Wednesday, July 11, 2007
Costs, Only Consumers can Reduce Costs, Why Selling of Innovations and Consumer-Driven Care as Reform Measures is So Hard
I support innovations and consumer-driven care as effective measures to cut costs and reform care. For in the end, only cost-conscious consumers can contain costs. As long as third parties promise comprehensive care with hidden or unknown costs to the consumer, health inflation will roar. Consumer-driven care is beginning to have an impact (there are now nearly 300 consumer-driven organizations, and employers offering nearly 700 different high deductible plan premiums), but that impact is marginal in the larger scheme of coverage.
The political voice of consumer advocates is small. Proponents of universal coverage have a strong emotional argument combining pleas for compassion and equity. Unfortunately, as every reform minded politician and crusader for universal coverage now knows – from presidential candidates to governors of Massachusetts, California, Illinois, and Pennsylvania - you can’t reform care unless you first bring down costs, or you will overwhelm the Federal and State budgets. Superimposing single-payer on the present system will not work without first cutting costs.
No Quick Fix
There is, in short, no quick fix, at either the State or national level.(1) Because of their diversities and variation in the number of uninsured, and lack of resources, State-based universal coverage plans may not be the “laboratories of democracy” that will serve as models for national reform (2) In the reform process, reform experiences everywhere indicate you will alienate hospital, physician, health plan, business communities, and even those who are uninsured and don’t want to be obligated to pay for insurance.

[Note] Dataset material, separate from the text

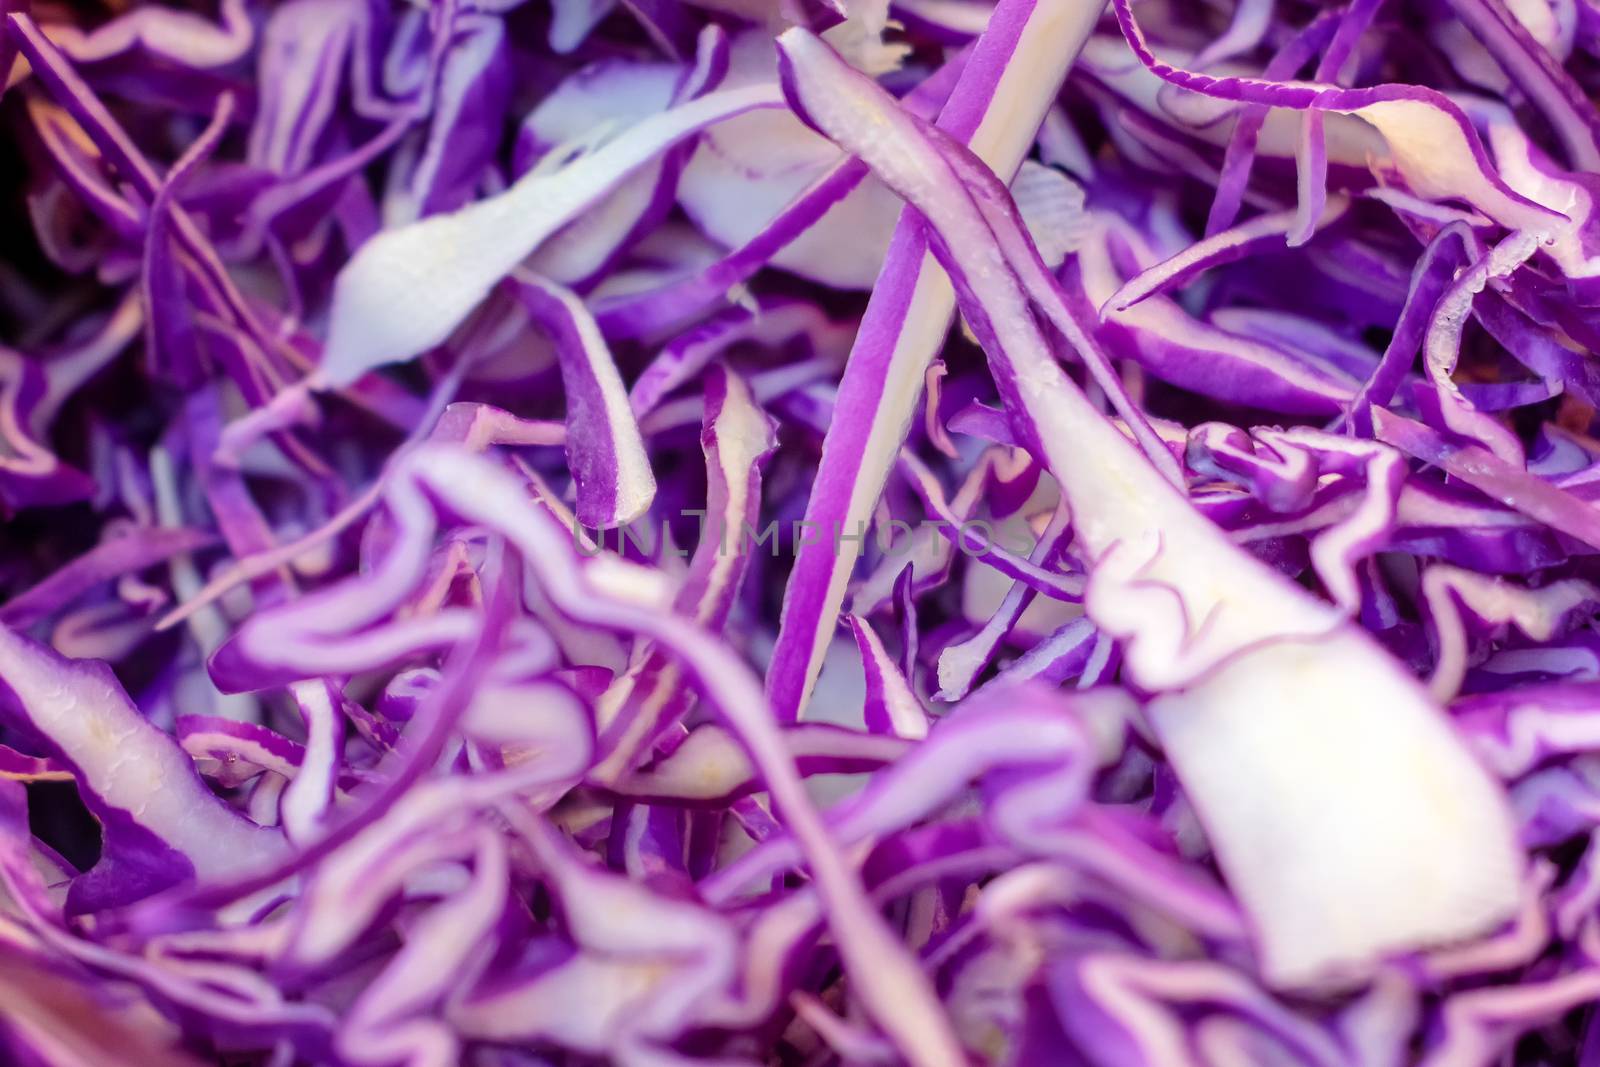 Fresh Shredded Purple Cabbage Ready in a Salad Bar. by seika_chujo
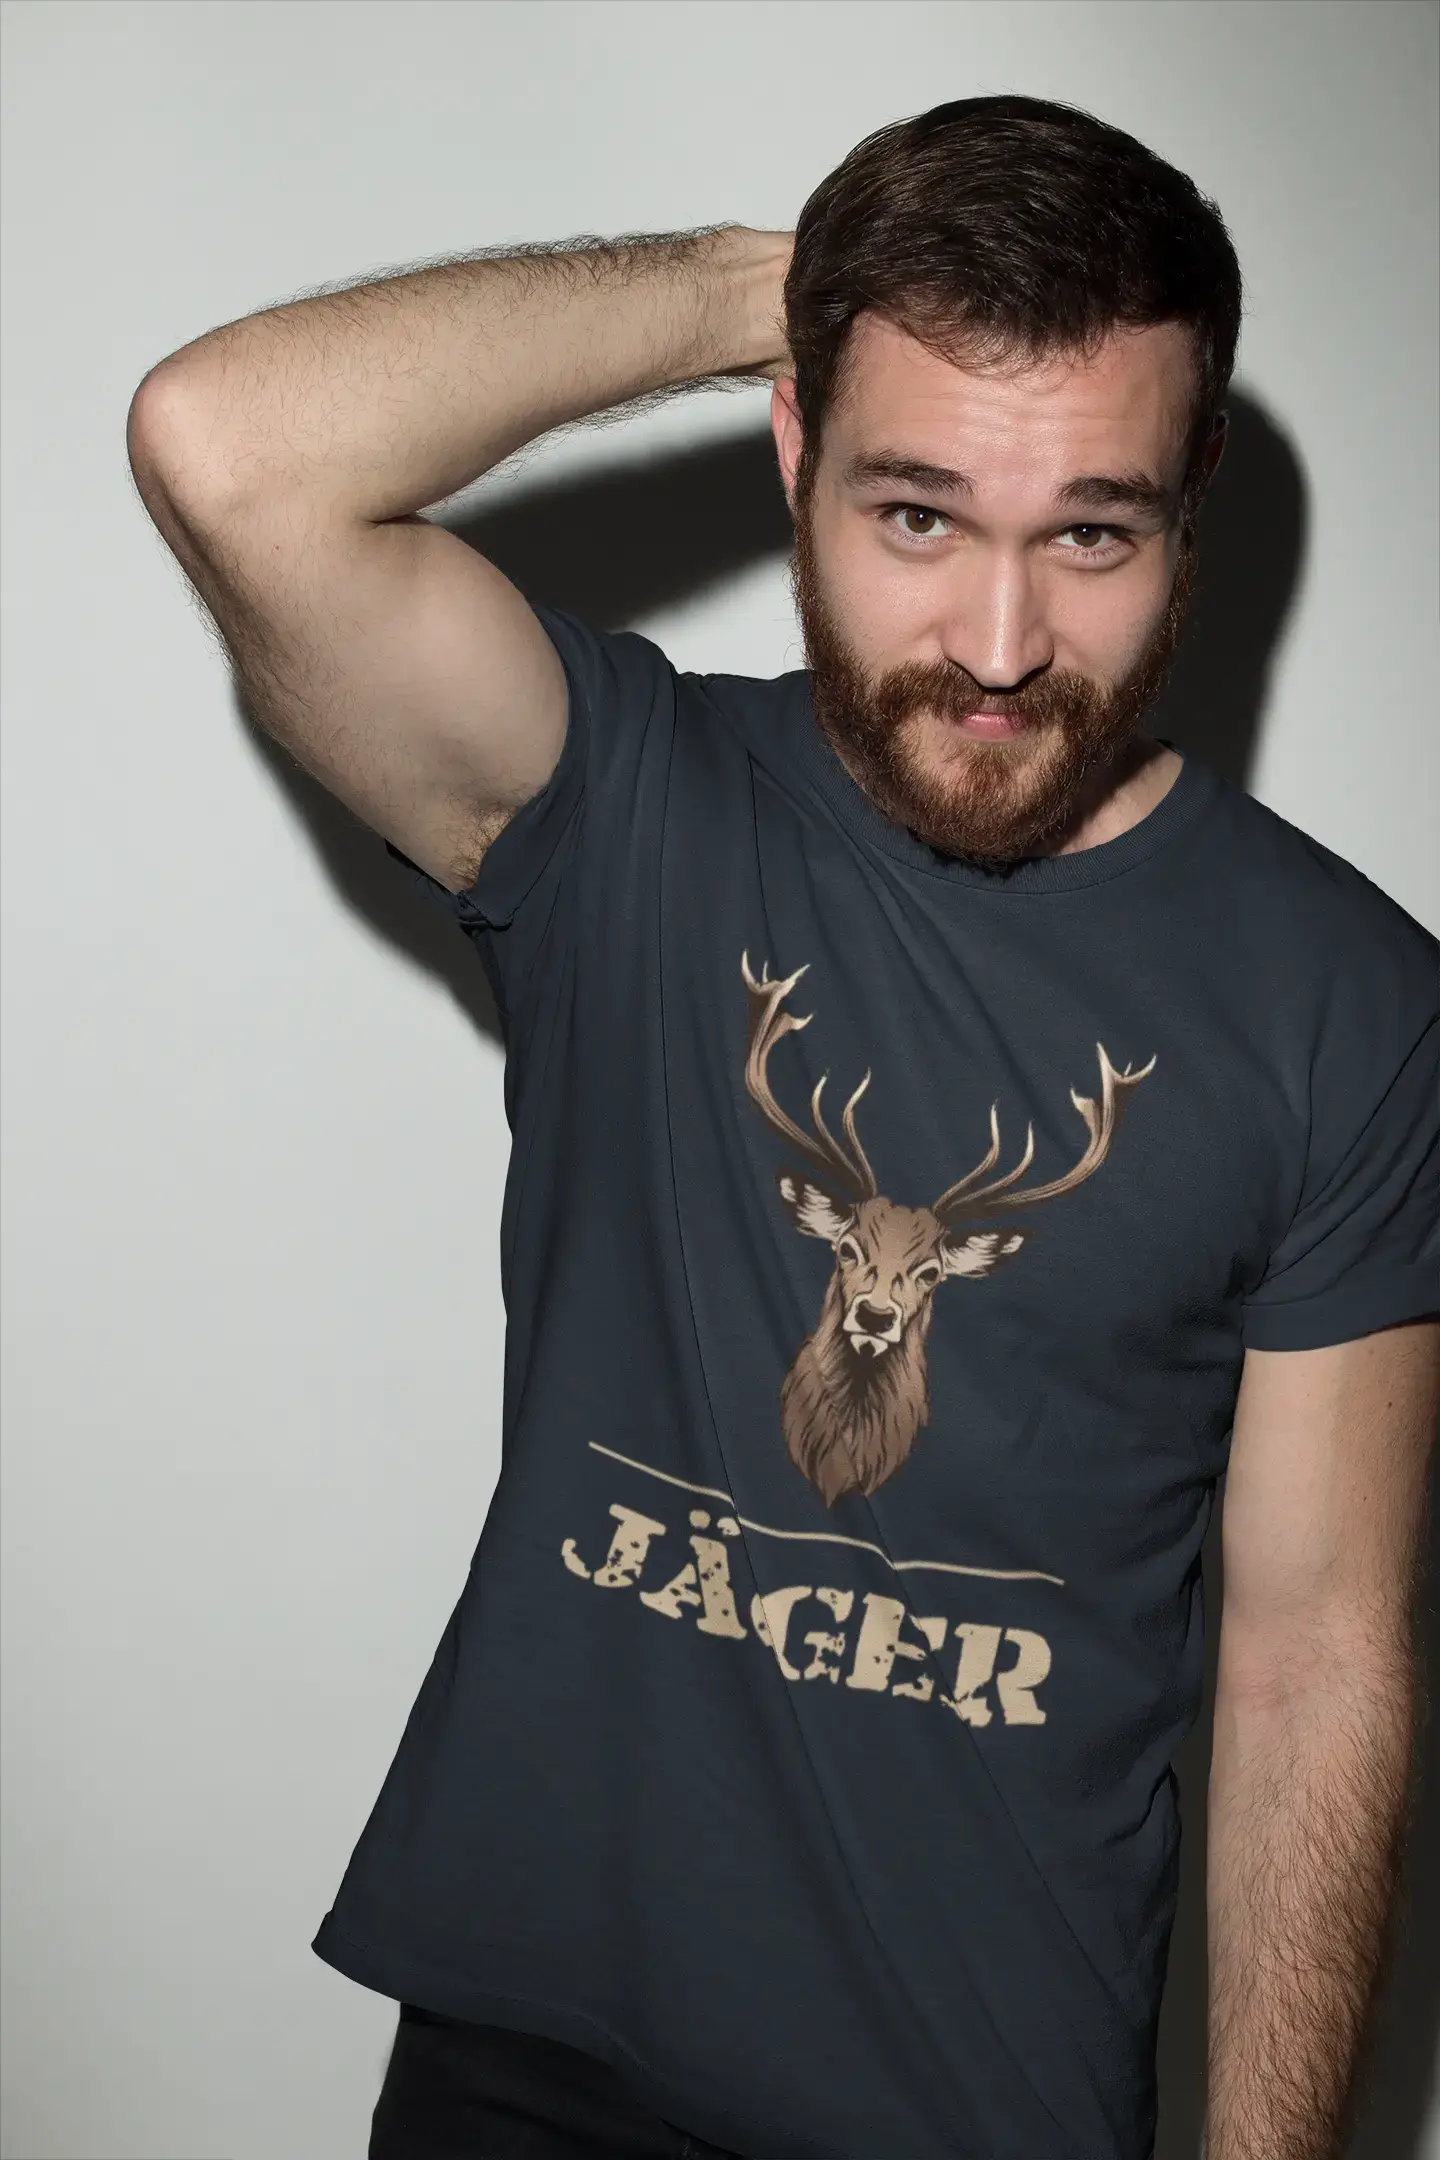 Men's Graphic T-Shirt Hirsch Jäger Idea Gift

Participation of these parties is necessary for reform to succeed. When stakeholders’ oxen get gored, health reform may end up stillborn.
Innovation and Consumer-Participation Needed
Proposals to cut costs need innovation and consumer participation.. Some proposals to cut costs involve innovation and consumer-participation, some do not.
•Ban on smoking in public places
This is something government can do, but it isn’t innovative. Those 20% of consumers who still smoke have their own form of innovation. They smoke outside. Human behavior is like a balloon. Push it down from the top, and it will pop out elsewhere down below.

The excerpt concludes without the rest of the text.